TASK REQUIREMENTS
In the entries below, find the line with "Prächtiger und seltener" and the line with "Sehr schöne Holzschnitzerei, die". Repeat exactly everything between them, those two lines included, but not the pictures.

==== RECORDS TO PROCESS

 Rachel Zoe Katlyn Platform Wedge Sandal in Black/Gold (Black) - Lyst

========
==== RECORDS TO PROCESS

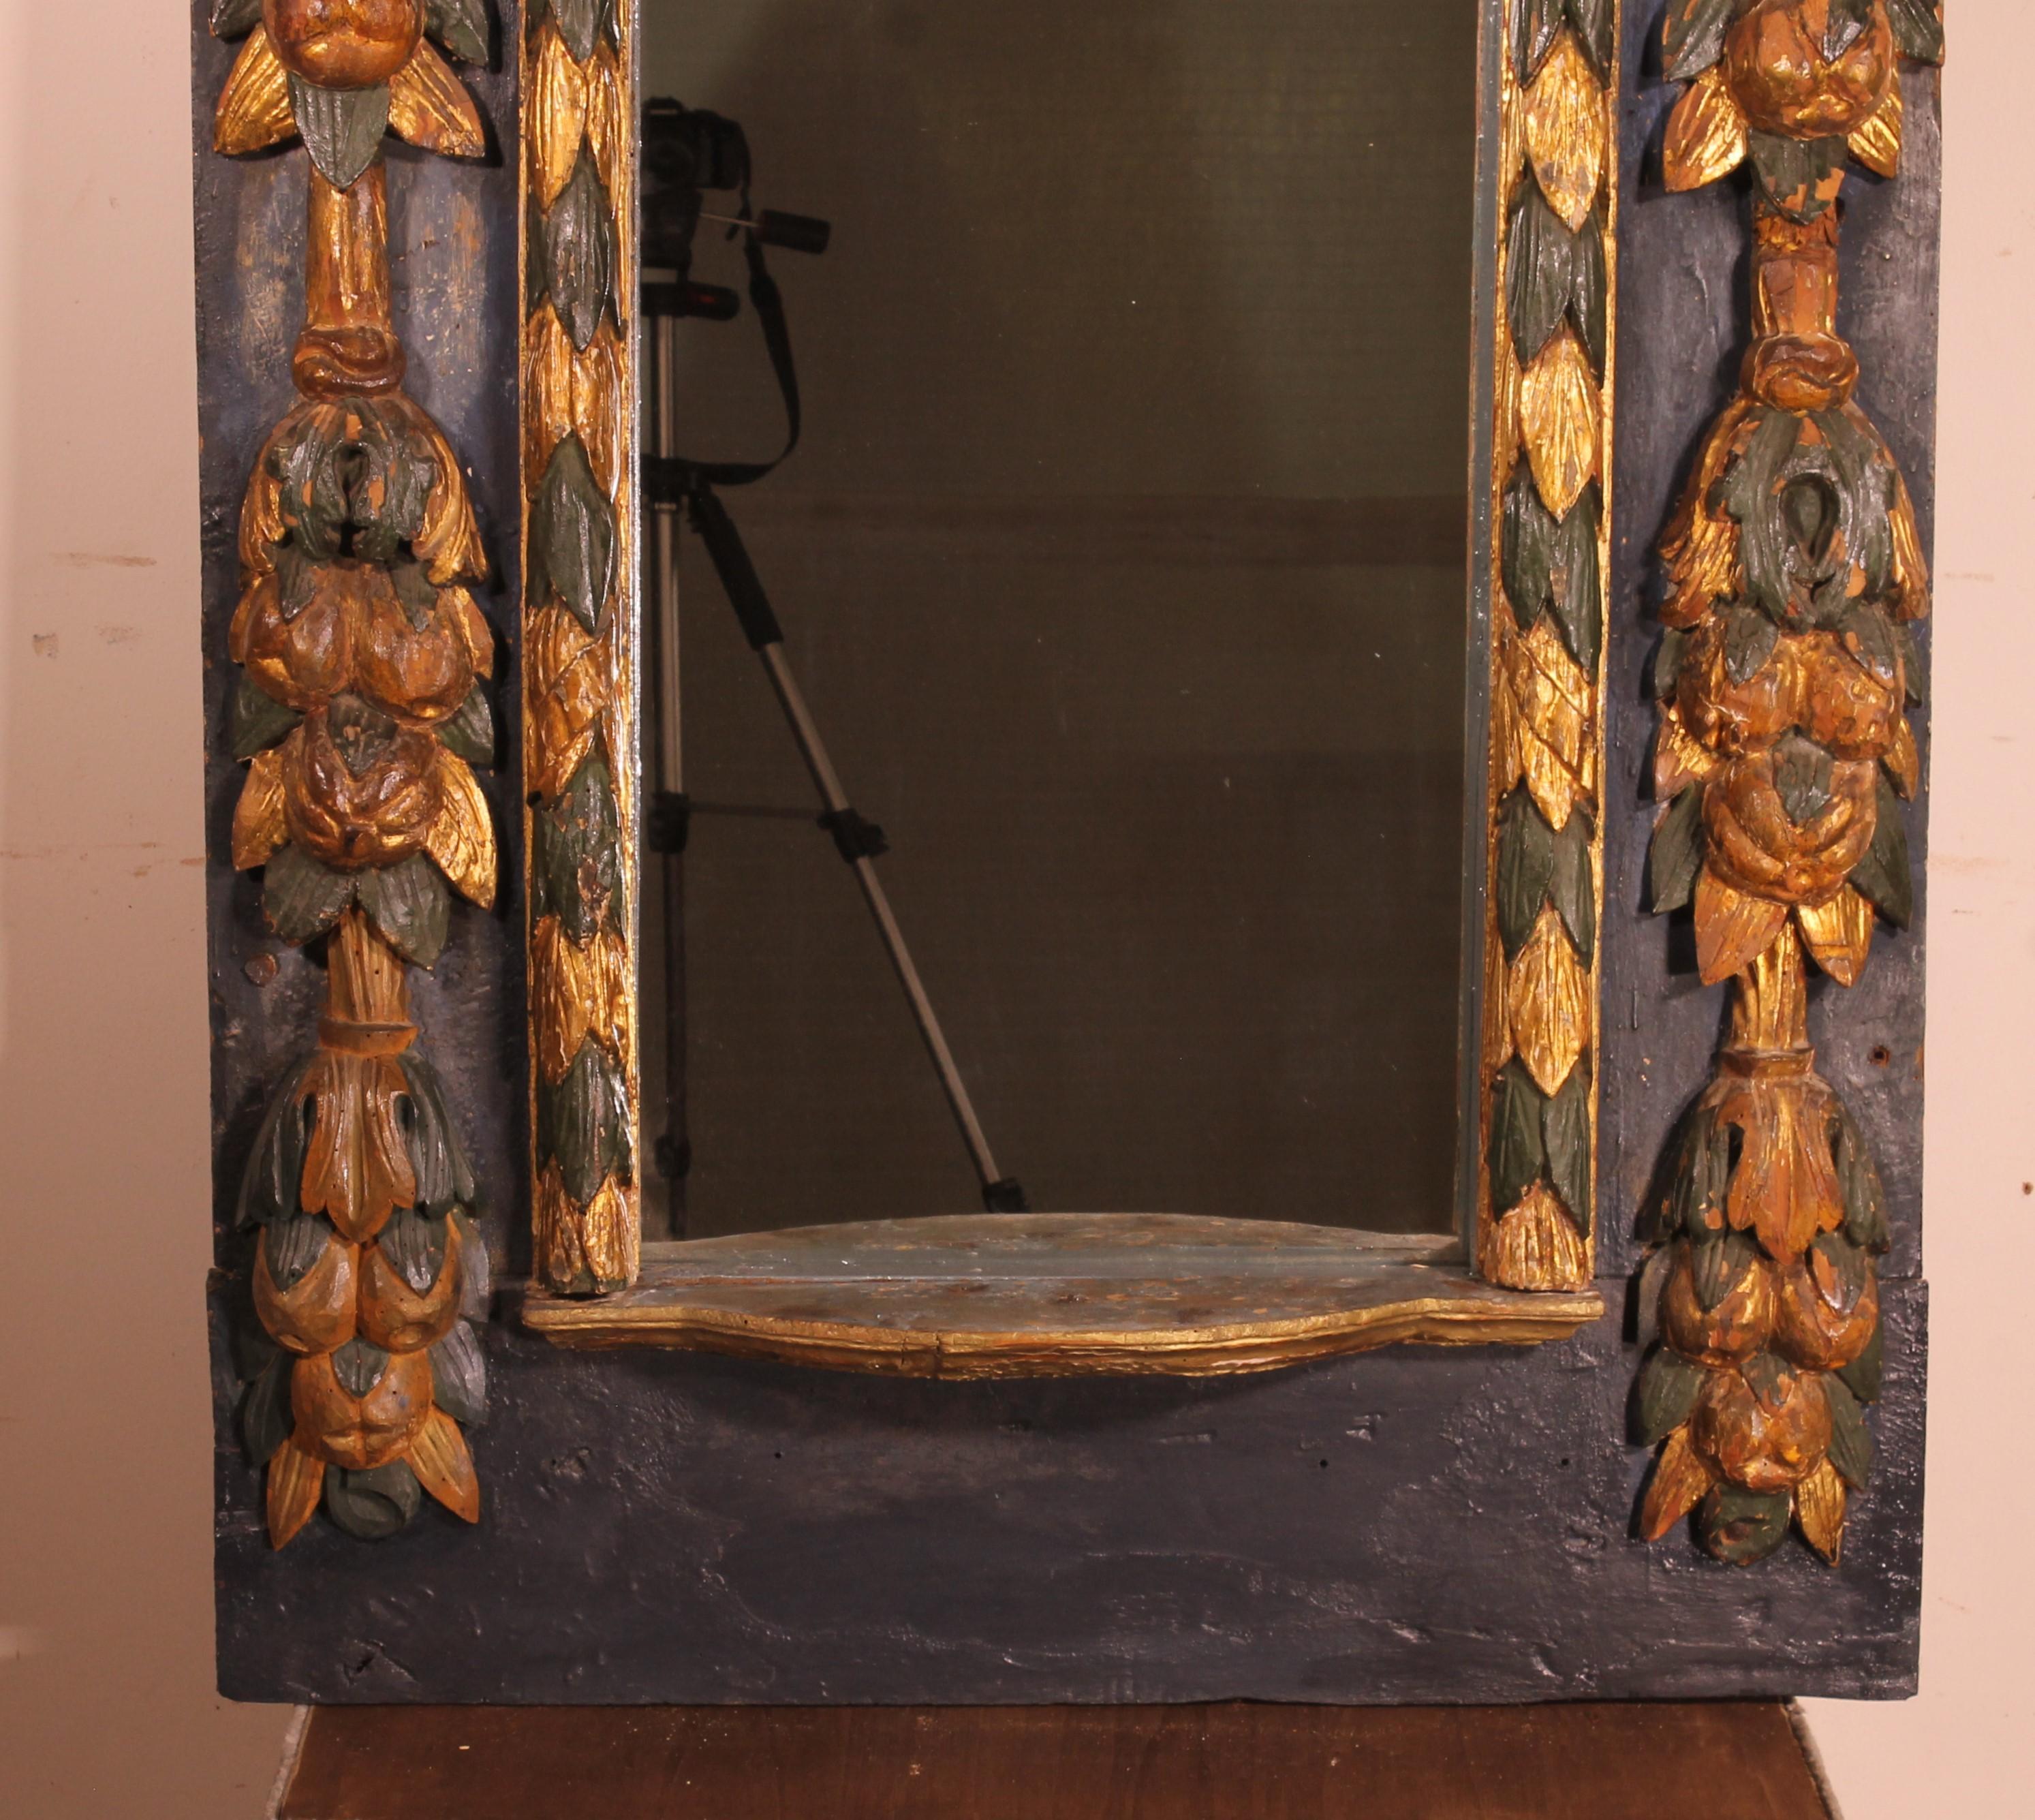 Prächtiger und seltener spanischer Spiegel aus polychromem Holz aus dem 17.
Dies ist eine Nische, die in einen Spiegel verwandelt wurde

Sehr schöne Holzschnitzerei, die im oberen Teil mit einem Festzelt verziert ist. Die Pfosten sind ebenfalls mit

========

WRITTEN SOLUTION
 Prächtiger und seltener spanischer Spiegel aus polychromem Holz aus dem 17.
Dies ist eine Nische, die in einen Spiegel verwandelt wurde

Sehr schöne Holzschnitzerei, die im oberen Teil mit einem Festzelt verziert ist. Die Pfosten sind ebenfalls mit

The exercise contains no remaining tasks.